There are many different types of data that relate to pathogen characterisation. You may need to describe, for example, biological specimens, the protocols used in data collection, and/or genomic data. This page will inform you of what you need to consider when describing data related to pathogen characterisation. By following the guidance on this page, you should be able to share your data with all the description necessary to enable others to reuse it.

Good practices for describing data in general

You should always plan your study with data sharing in mind. Identifying the information necessary for sharing your data effectively will allow you to generate documentation that is both well structured and complete. Describing the data entails extracting the information, recording it according to existing best practice guidelines and standards, and extending descriptions where needed.

Considerations

When defining a general data description strategy, it is important to consult relevant guidelines and adopt accepted standards.
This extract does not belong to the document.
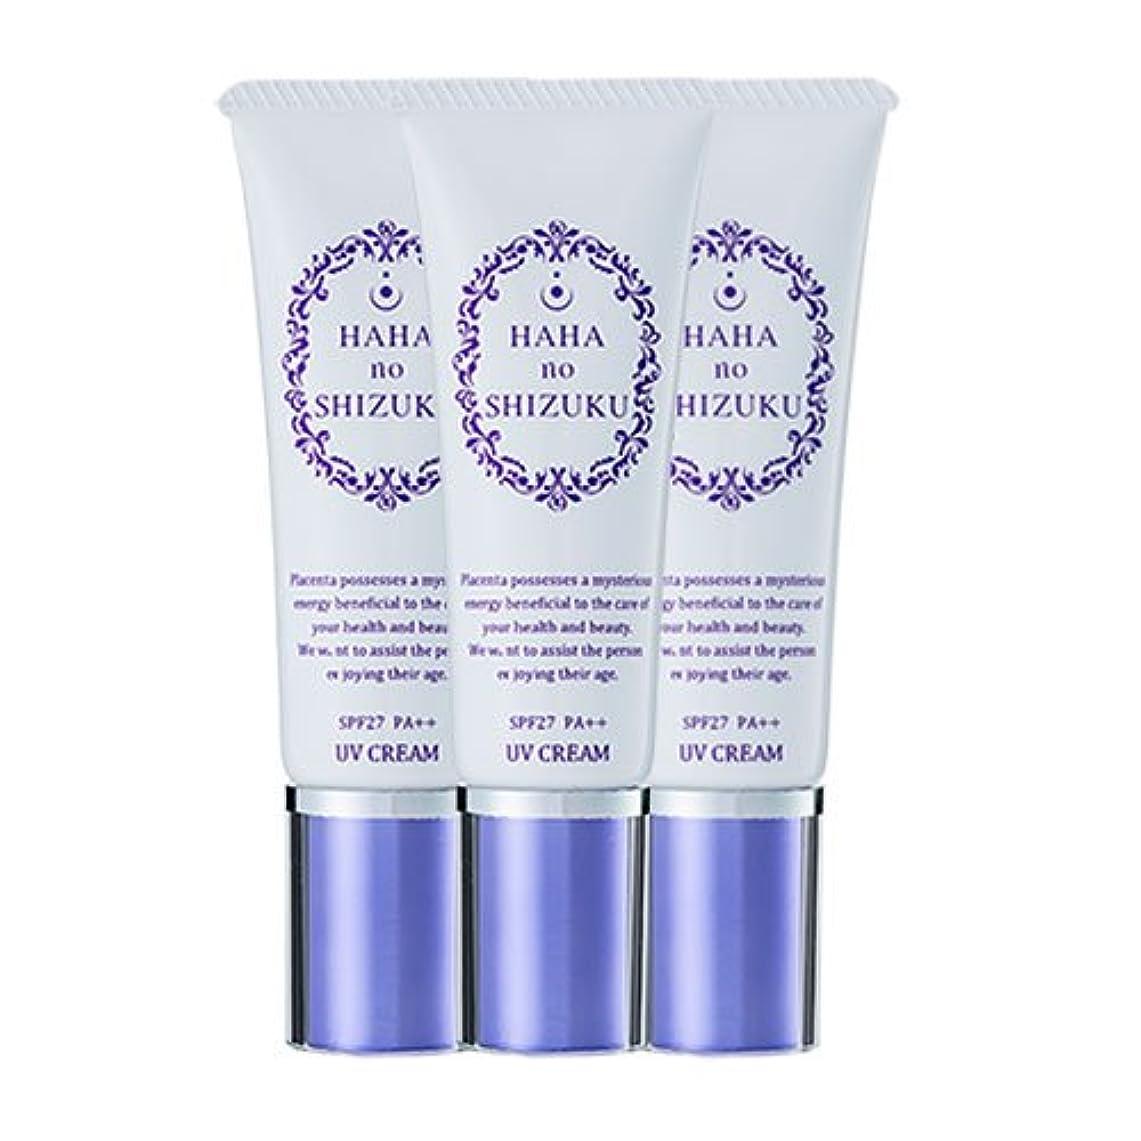 苦味カーテン変装した母の滴 プラセンタクUVクリーム 3本セット 美白効果 UVカット 敏感肌にも安心 (30g×3本) ラセンタエキス サイタイエキス アミノ酸

Include enough detail to inform assessment by your peers and the wider research community. The way that you describe and document your data will vary depending on the type of study. The descriptions should include all of the information necessary for others to be able to understand and process the data that you share. It should also include sufficient information to enable an informed assessment of the reliability of the data and the comptence with which they were generated. The descriptions are usually organised following research community guidelines and then structured as metadata to make the data FAIR.
Review the submission guidelines of the repositories that you intend to submit data into. Different repositories often require different levels/types of metadata, and restrict access to the data to different extents. This is largely linked to the fact that different repositories have different aims/audiences, and will therefore enable users to search different parts of the metadata. It is important to check the requested data formats and the checklists specified by the repositories. We encourage you to go beyond just the minimum data required by the repository, as this will likely increase the reusability of your data in different contexts. Contact the repositories via their helpdesks if you have any questions about whether you are able to include different types of metadata.
Adopt shared practices for annotating experiments. Some research communities (e.g. ECDC) have developed guidelines detailing shared/common practices for describing experiments and how to embed descriptions in the data. By adopting a shared standard, your data are likely to be more accessible and understandable to potential users. At a minimum, it is generally recommended that you describe the design of the study/program, collected specimens, sample preparation steps, experimental protocols, and workflow.
Follow the recommendations from national and international authorities including e.g. public health authorities, epidemic surveillance programs, and research data communities.
Share/reference information about cohorts, samples, instruments, protocols, materials and methods. It is important to retain information about which protocols (including which version) were used at each step of your experiments, as well as which samples were prepared and processed together. This can include, for example, information about the model number of the instruments used, the biobanks samples used, and the suppliers of kits. This can allow users to identify potential issues and artefacts and even generate new data.
Share/reference data assets, software versions & computational workflows. You should include links/references to source data used, and describe analytic workflows (with runtime quality metrics). Other information could include bioinformatics protocols used, and the versions of software and computational workflows used. This is crucial for understanding exactly what was done as well as identifying potential areas for improvement.
Protect the privacy of human research subjects and patients. Whilst providing complete data descriptions is generally advisable, some data will need to be anonymised before it can be shared. You should describe how and why sensitive data were masked or removed.

Existing approaches

Refer to the FAIRsharing registry for standards related to repositories. For example, the BY-COVID Data Resources FAIR Sharing collection includes references to implemented standards.
Refer to ECDC’s Infectious disease topics for active surveillance initiatives and shared reporting standards related to the disease associated with the pathogen under study. Examples of COVID-19 materials include:
Refer to WHO’s publications to learn more about standards, tracking, and reporting for pathogens affecting global health. For example:
- WHO’s Genomic sequencing of SARS-CoV-2: a guide to implementation for * maximum impact on public health, 8 January 2021, notably chapter 3 on project planning/study design and chapter 4 on data sharing guidance.
- WHO’s Guidance for surveillance of SARS-CoV-2 variants: Interim guidance, 9 August 2021
The PHA4GE SARS-CoV-2 contextual data specification package has examples of how to design data collection templates as well as practices for effective data sharing.
Refer to guidelines of international consortia and focus groups. For example, the RDA COVID-19 Working Group’s Recommendations and Guidelines on data sharing. Released in 2020, it includes information on adopting shared practices.
Outline the data sharing platforms, data description standards, and checklists, in your data management plan.

Biological samples

Considerations

Many different types of material can be sampled to monitor and identify pathogens.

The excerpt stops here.